Как ни странно, репетиционный зал, в котором тем летом Final Melody готовила свою новую программу, был вполне уютный. Я говорю «странно», потому что само понятие уюта не вязалось с этими людьми, двое из которых явно находились на грани сумасшествия. Для их музыки больше подошел бы гигантский ангар с летучими мышами под потолком или голое поле аэродрома. Они были бы хороши перепившимися на Вудстоке, наширявшимися в Хэйт-Эшбери, но волею обстоятельств им пришлось жить и играть в Москве восьмидесятых, и они справлялись с этой задачей, как умели. Небольшой квадратный зал, мест на сто, уставленный рядами сколоченных в ряды кресел с откидными сидениями, обитыми черным дерматином. Неглубокая компактная сцена, над которой висел красный плакат с белыми буквами «Решения ХХVI съезда партии – в жизнь!», заставлена аппаратурой, по полу струятся провода, в углу сцены огромный гипсовый бюст Ленина на обитом кумачом постаменте. У постамента, на полу, небольшой натюрморт: круг изоленты (они периодически ремонтировали свою разваливавшуюся аппаратуру, перебинтовывали провода), термос с чаем, бутылка портвейна…

За ударной установкой сидел голый по пояс громадный человек в фетровой шляпе на длинных светлых волосах и жонглировал барабанными палочками. У него были грудные мышцы боксера – выпуклые, безволосые, блестящие от пота. Палочки без всяких усилий с его стороны, сами собой, плавно парили в воздухе, словно связанные друг с другом невидимой ниткой, и также плавно приземлялись в ладони. Следуя ритму, который звучал у него в голове, он через равные промежутки времени с расслабленной улыбкой то ли добряка, то ли дебила обрушивал двойной удар на большой барабан – и опять продолжал свои цирковые развлечения жонглера… Это был Роки Ролл – барабанщик Final Melody.

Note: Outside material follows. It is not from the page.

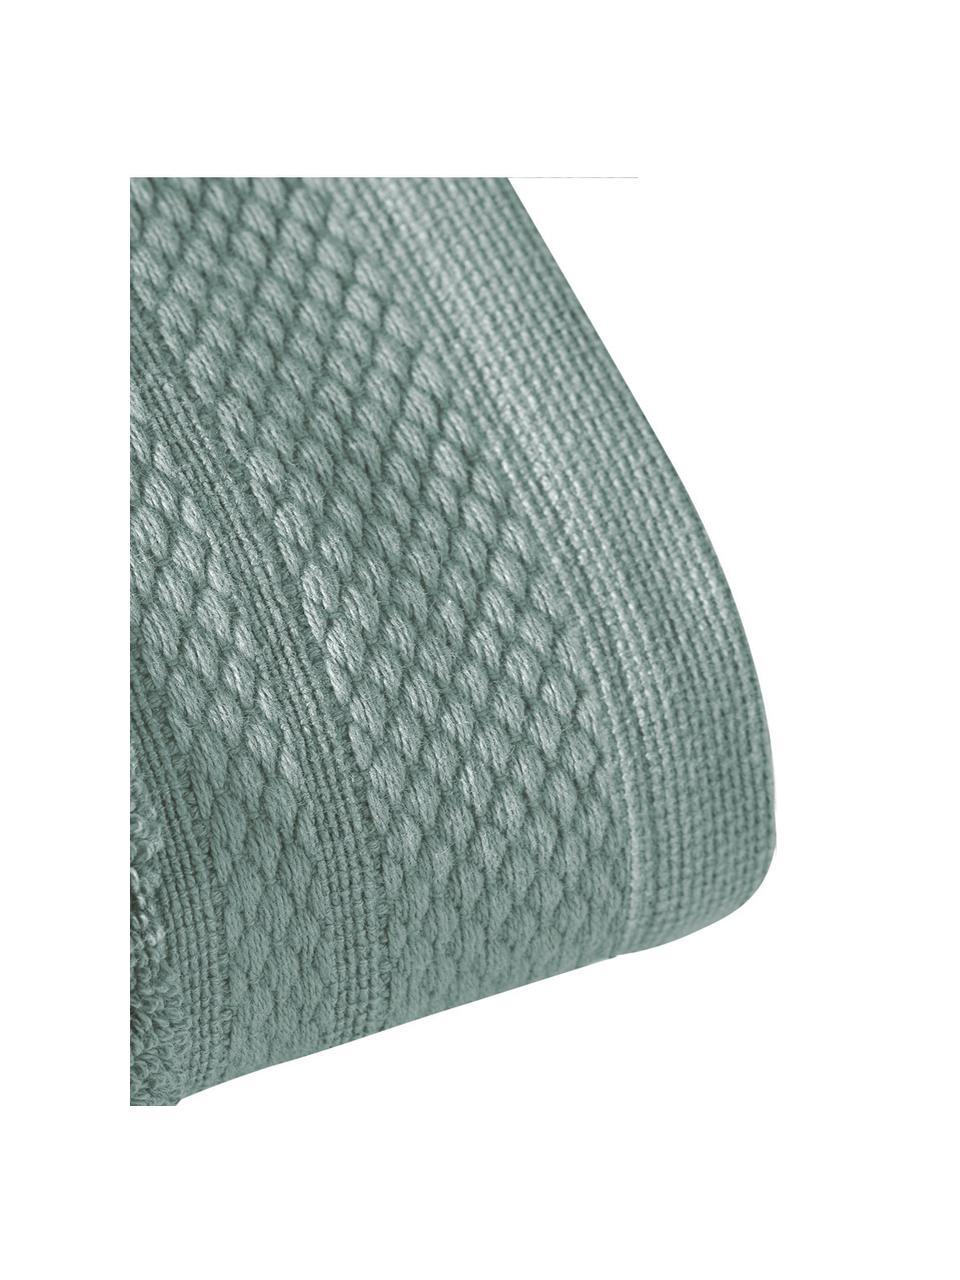 Handdoek Premium in verschillende formaten, met klassiek sierborduursel, Saliegroen, XS gastendoekje

В центре сцены стоял длинный, тощий, обросший и небритый человек в черной майке с короткими рукавами и в синих джинсах, прорванных над правым коленом. С дырки свисала белая растрепанная бахрома. У него было бледное лицо человека, одержимого тайным пороком, и глубоко сидящие глаза, глядящие с тем суровым неодобрением, с каким смотрят на посетителей зоопарка орлы и сапсаны. Гитара – черная, сияющая, с серебристой вставкой, – висела у него на широком, расшитом индейским узором ремне. – Ты заткнешься, Магишен? – спросил гитарист, гражданское имя которого было мне, конечно, известно, но которое не имело никакого значения, ибо он был – Мираж. – Магишен, заткнись, прошу тебя, френд! Ты мне мешаешь, козел! – сказал он с усталым смирением человека, вынужденного по двадцать часов в сутки общаться с идиотами.

Орган в ответ пискнул мышкой и испустил игривую фразу, в которой я узнал многократно ускоренную и спародированную мелодию из Прощальной симфонии Гайдна. Большой барабан в ответ молодечески ухнул. Человек по прозвищу Магишен, лица которого не было видно за двумя свисающими потоками длинных волос, помахал правой рукой. Вслед затем орган захрюкал. И он хрюкал беспрерывно, все то время, пока палочки блаженно улыбающегося Роки Ролла выписывали виньетки в воздухе…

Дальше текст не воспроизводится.